Data provided:
● ● ● ●

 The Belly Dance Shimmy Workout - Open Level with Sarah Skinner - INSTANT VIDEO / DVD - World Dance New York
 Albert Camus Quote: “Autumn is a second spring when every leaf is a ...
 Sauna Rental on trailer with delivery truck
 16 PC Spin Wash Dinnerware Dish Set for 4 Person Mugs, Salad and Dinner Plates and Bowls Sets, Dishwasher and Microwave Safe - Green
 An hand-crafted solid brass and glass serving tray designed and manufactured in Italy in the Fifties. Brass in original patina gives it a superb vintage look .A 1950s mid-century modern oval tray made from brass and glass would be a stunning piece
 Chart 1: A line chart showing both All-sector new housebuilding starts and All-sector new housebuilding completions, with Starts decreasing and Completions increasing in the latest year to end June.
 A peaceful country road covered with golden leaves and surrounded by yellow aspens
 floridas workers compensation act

● ● ● ●

What you should do: The full listing above needs to be retyped exactly.

Answer to the problem:
 The Belly Dance Shimmy Workout - Open Level with Sarah Skinner - INSTANT VIDEO / DVD - World Dance New York
 Albert Camus Quote: “Autumn is a second spring when every leaf is a ...
 Sauna Rental on trailer with delivery truck
 16 PC Spin Wash Dinnerware Dish Set for 4 Person Mugs, Salad and Dinner Plates and Bowls Sets, Dishwasher and Microwave Safe - Green
 An hand-crafted solid brass and glass serving tray designed and manufactured in Italy in the Fifties. Brass in original patina gives it a superb vintage look .A 1950s mid-century modern oval tray made from brass and glass would be a stunning piece
 Chart 1: A line chart showing both All-sector new housebuilding starts and All-sector new housebuilding completions, with Starts decreasing and Completions increasing in the latest year to end June.
 A peaceful country road covered with golden leaves and surrounded by yellow aspens
 floridas workers compensation act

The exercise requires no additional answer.